About this exercise » Transcription, pictures excluded: write out the data below exactly.

Recorded data »
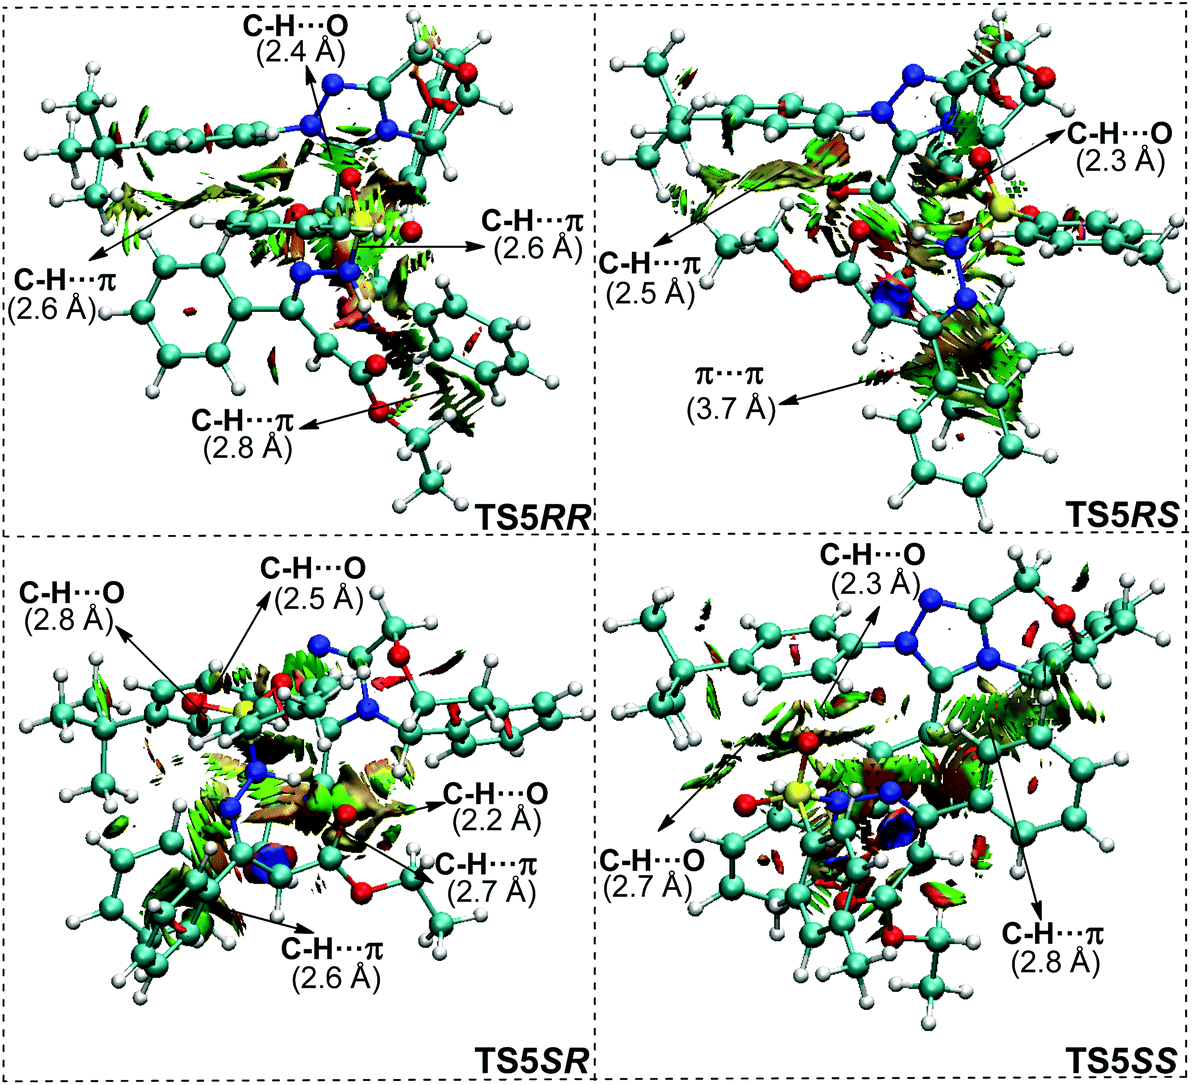 Insights Into N Heterocyclic Carbene Catalyzed 3 4 Annulation Reactions Of 2 Bromoenals With N Ts Hydrazones Organic Chemistry Frontiers Rsc Publishing
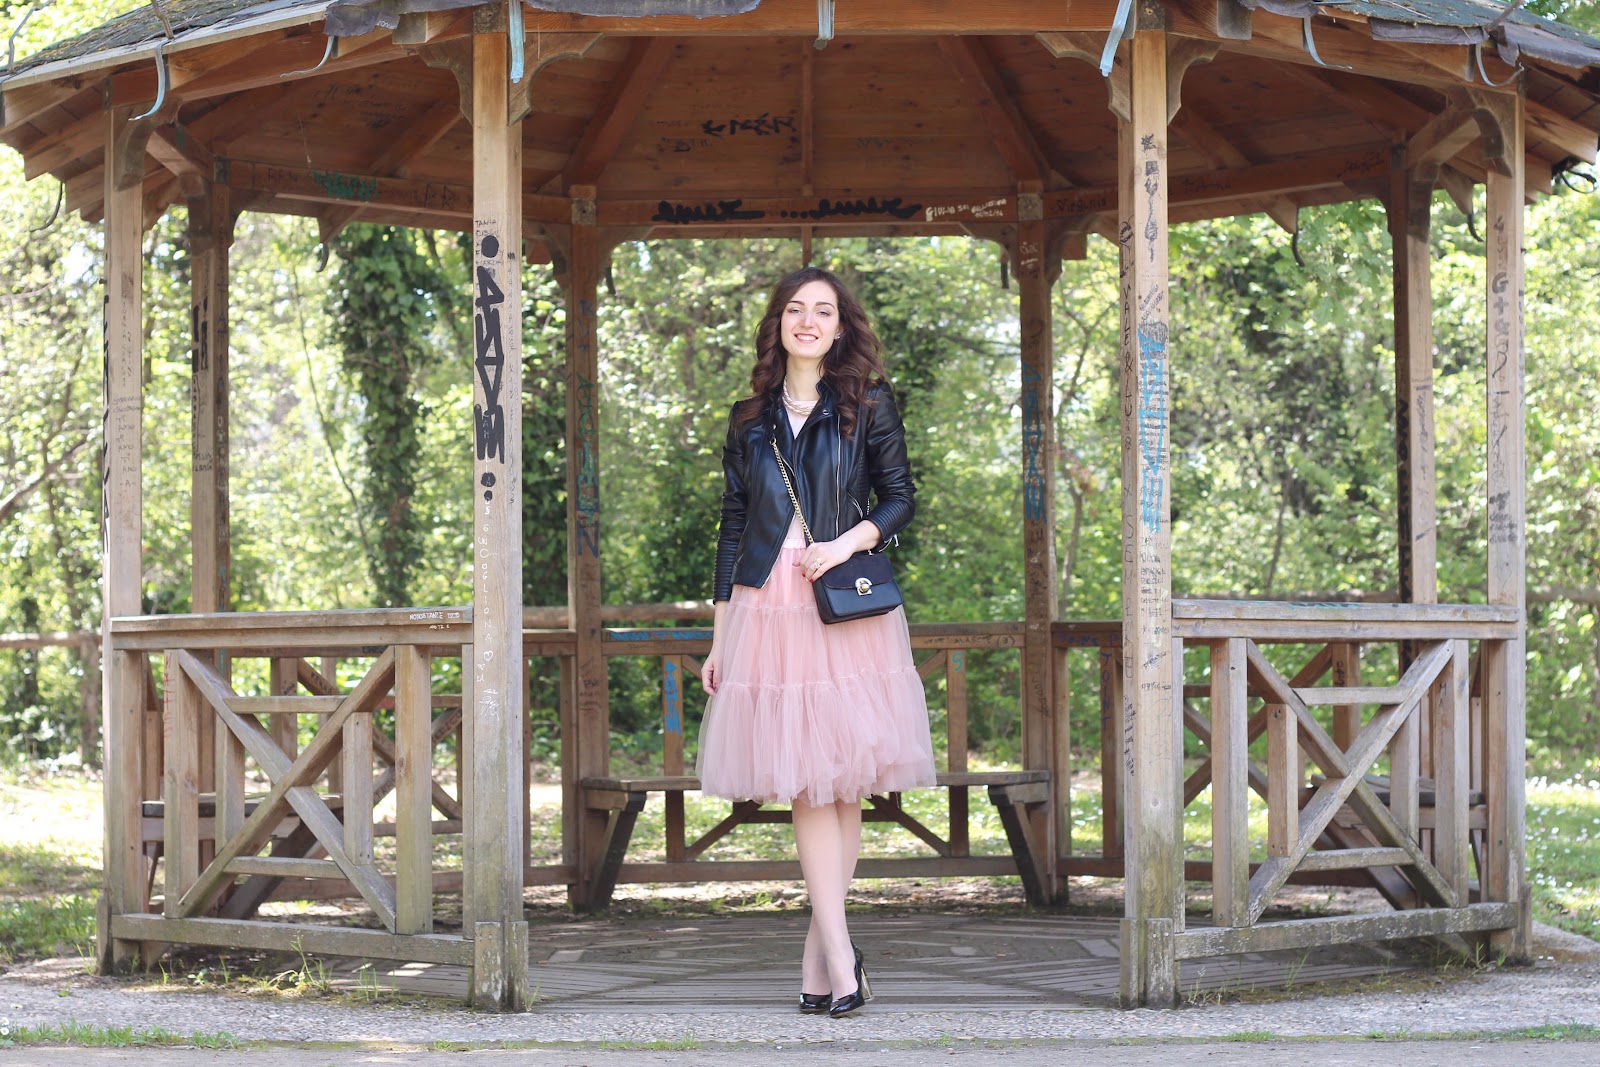 fashion style blogger italian girl italy ootd outfit vogue glamour pescara tulle skirt gonna rosa pink chic wish collana charme bijoux necklace zara heels shoes scarpe tacchi bag borsa jacket leather giacca chiodo pelle look rock chic
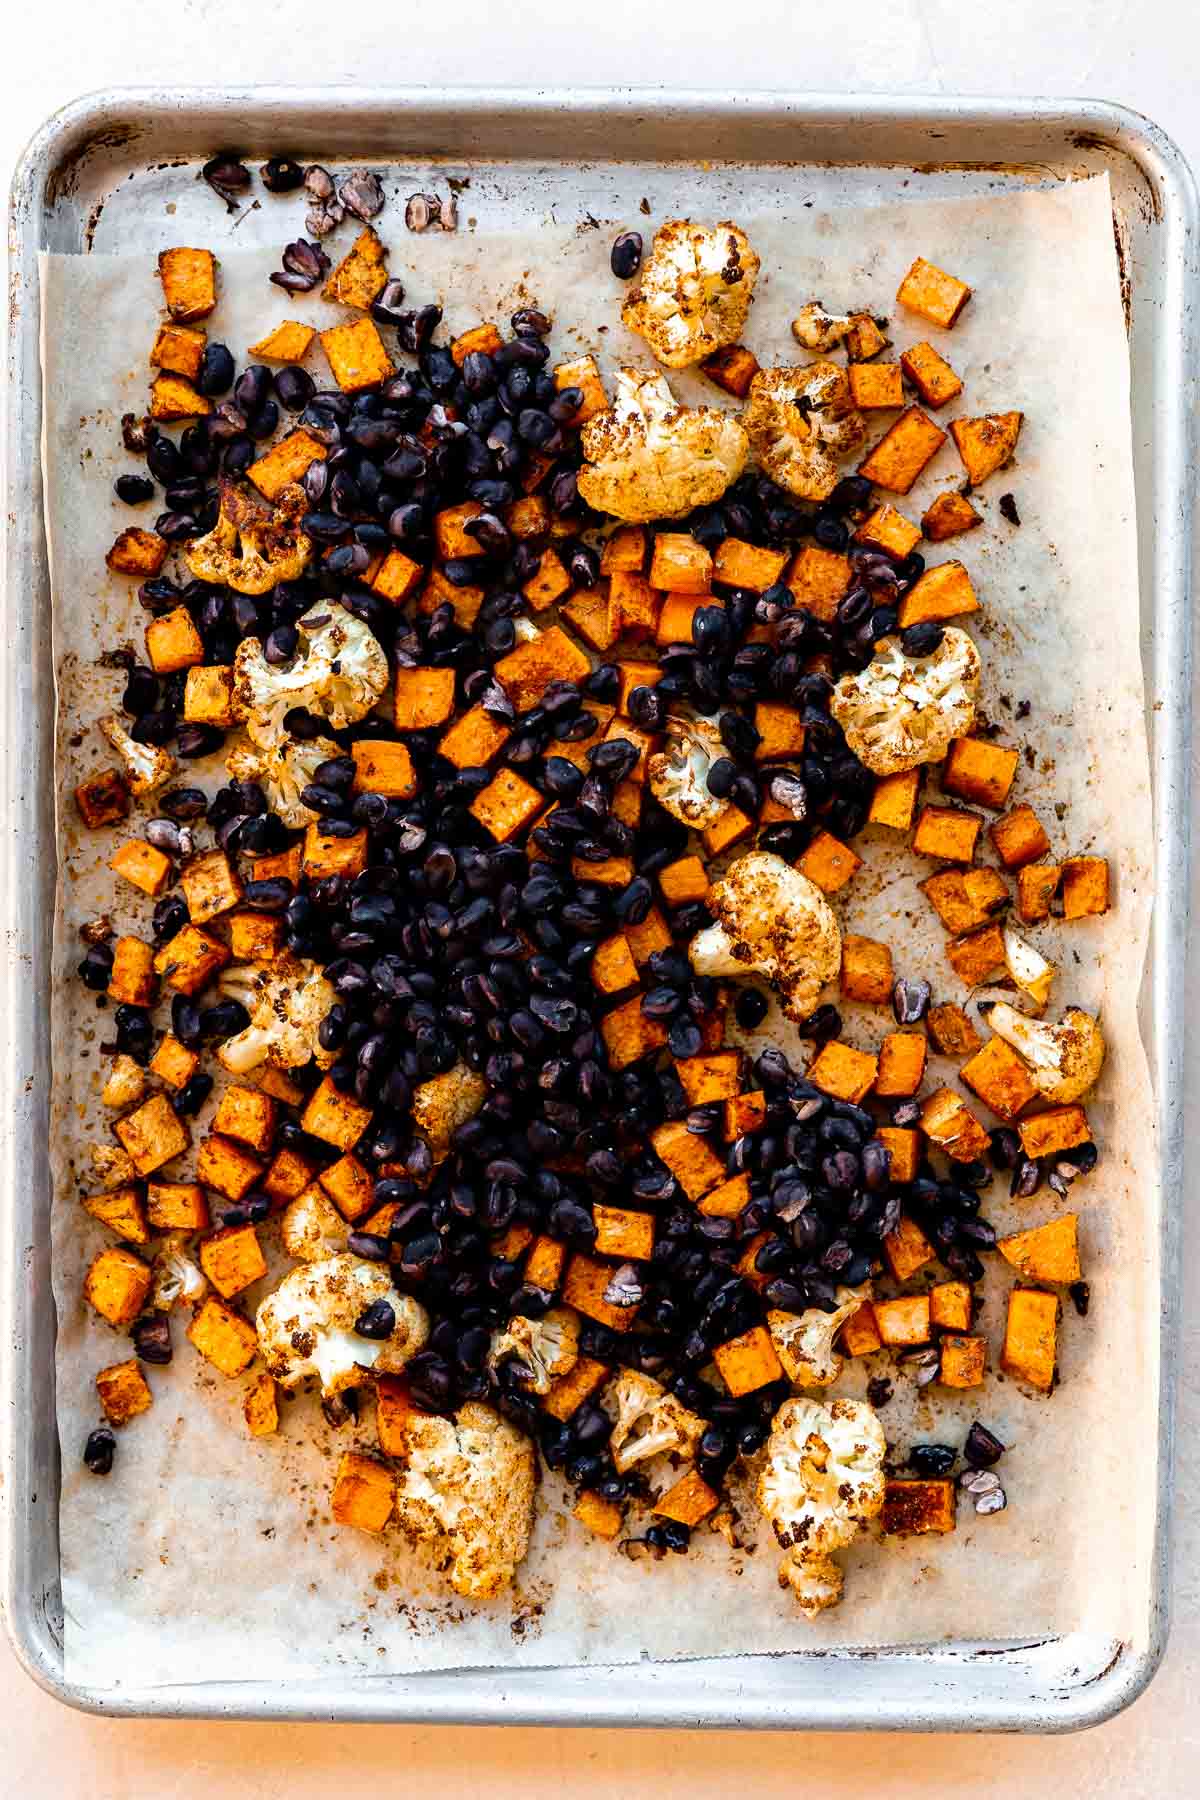 How to make roasted veggie tacos, step 2: Roast the cauliflower and sweet potatoes. Seasoned and roasted cauliflower florets and diced sweet potato are arranged atop a parchment lined baking sheet. Drained black beans are added to the sheet pan and the baking sheet rests atop a light peach colored textured surface.
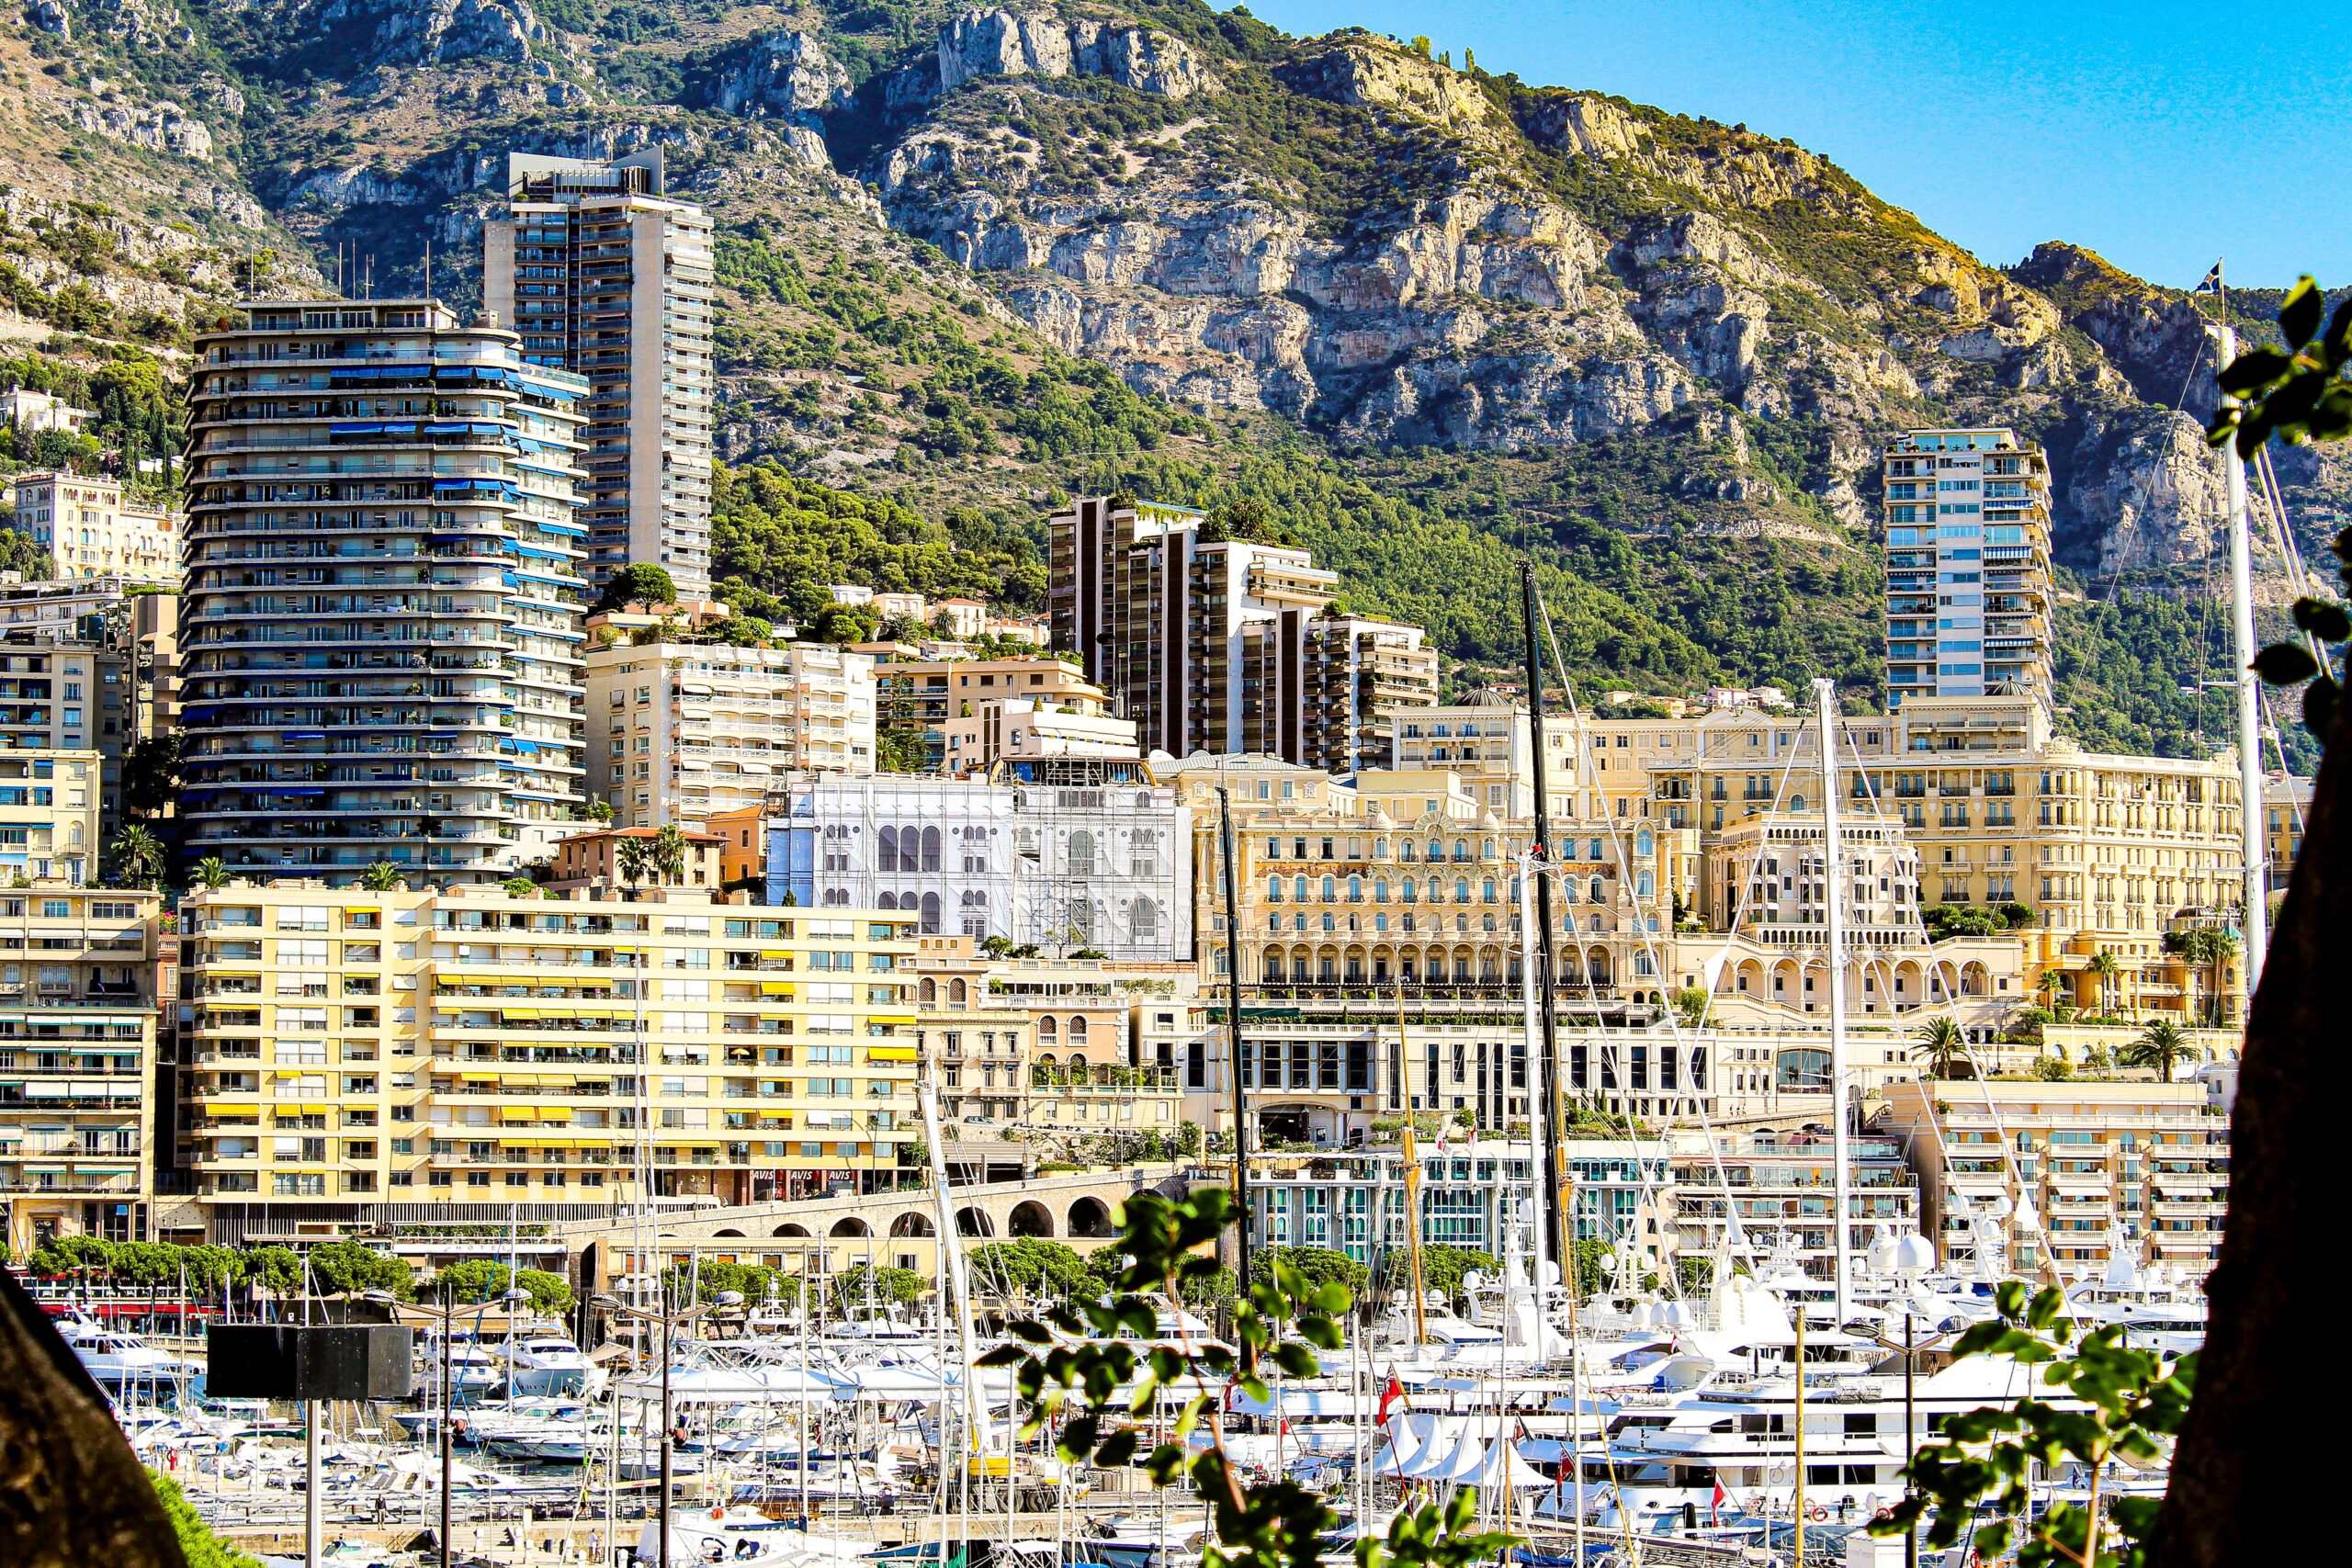 yachts in bay, high rise buildings agains mountain in a day in monaco

Problem solution »
 Insights Into N Heterocyclic Carbene Catalyzed 3 4 Annulation Reactions Of 2 Bromoenals With N Ts Hydrazones Organic Chemistry Frontiers Rsc Publishing
 fashion style blogger italian girl italy ootd outfit vogue glamour pescara tulle skirt gonna rosa pink chic wish collana charme bijoux necklace zara heels shoes scarpe tacchi bag borsa jacket leather giacca chiodo pelle look rock chic
 How to make roasted veggie tacos, step 2: Roast the cauliflower and sweet potatoes. Seasoned and roasted cauliflower florets and diced sweet potato are arranged atop a parchment lined baking sheet. Drained black beans are added to the sheet pan and the baking sheet rests atop a light peach colored textured surface.
 yachts in bay, high rise buildings agains mountain in a day in monaco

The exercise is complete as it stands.